A black and white photograph of a group of people standing in front of a bank of televisions in a gallery. A sign to the right says "DO IT YOURSELF kit" in Japanese and English

Installation View: “VIDEO COMMUNICATION - Do It Yourself Kit,” 1971 with multi-screen display, signage, and spectators

Photo: Michael Goldberg

Video Killed the Radio Star

While Klein ponders these otherworldly matters, another Getty Scholar is hitting fast forward to the video art scene in Tokyo.

If you were into electronics in the 1970s, Japan was the place to be. That’s when companies like Sony rolled out some of the first home videocassette recorders. Almost immediately, artists jumped on the new medium—including a group called Video Hiroba.

“Hiroba means ‘plaza’ or ‘open space,’ and the word had been used in some of the student demonstrations in the late 1960s to suggest democracy, participation, and experimentation,” explains Nina Horisaki-Christens, a Getty Postdoctoral Fellow who specializes in Japanese art history. “Video Hiroba was working in video art because they wanted to challenge institutions and the spaces where art happens.”

The group’s projects often involved using video as a means of self-reflection—that is, recording people, then having those people watch the video of themselves and give feedback on it as meta-commentary. For instance, in 1972 founding member Fujiko Nakaya recorded a major protest at a chemical corporation that had poisoned the water supply. She didn’t just record the participants, but also set up a monitor at the scene for them to witness their own actions (which she recorded as well).
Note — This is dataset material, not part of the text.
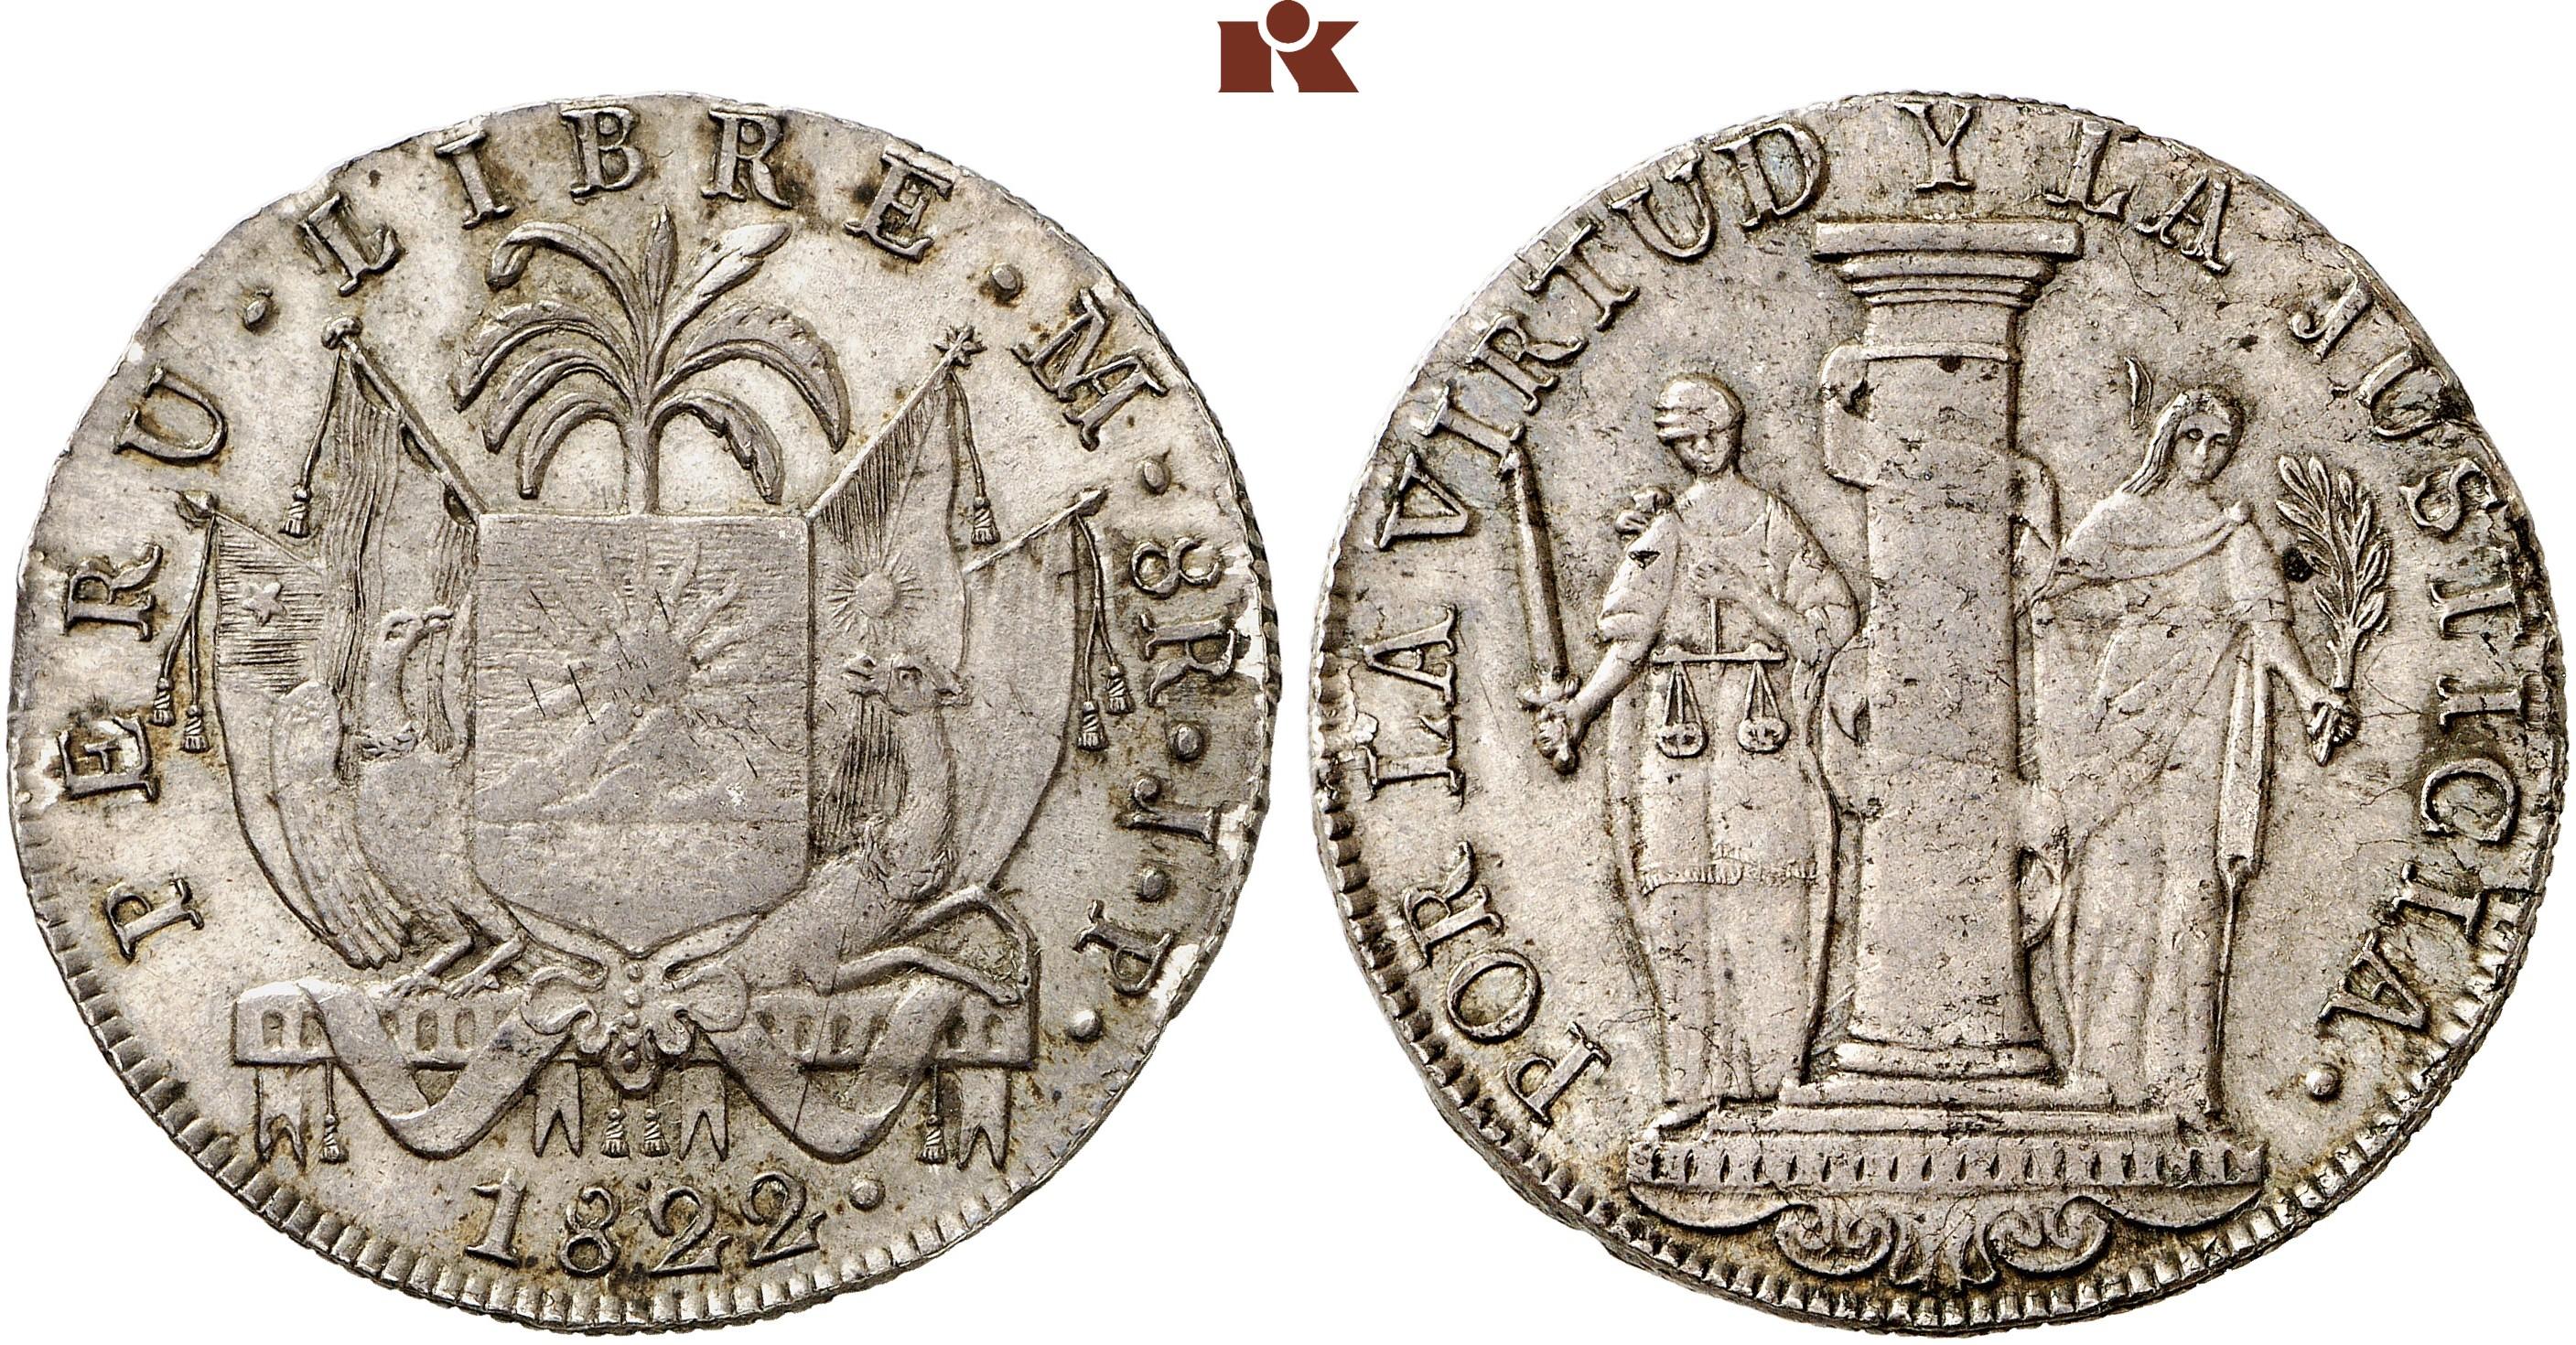 Republik Seit 1822 8 Reales 1822 Jp Lima 2765 G Grunthal

In this way, Nakaya’s work wasn’t just about documenting what the protesters were doing; it was also about putting front and center the technology used to record their actions and asking how it impacted the message. This kind of observational loop was a new way for people to think about the effects of technology on communication.

As Horisaki-Christens explains, “This was a time when video, along with copy machines and other low-quality recording media, were seen as democratic. It’s true for many new forms of communication technology: the potential of newspapers was articulated in the same way as TV was later and then video and then the Internet. There’s always a similar expectation about what we think it will do.”

Yet among this discourse, Horisaki-Christens believes that it’s artists who shape the possibilities of tech. “Artists help us see more clearly the problematic implications of our expectations by pulling at the edges of those expectations, doing unexpected things with them and showing how these things actually function.”

So it’s a good thing these Getty Scholars are on top of it. There’s sure to be a lot more to investigate as the relationship between art and technology continues to evolve.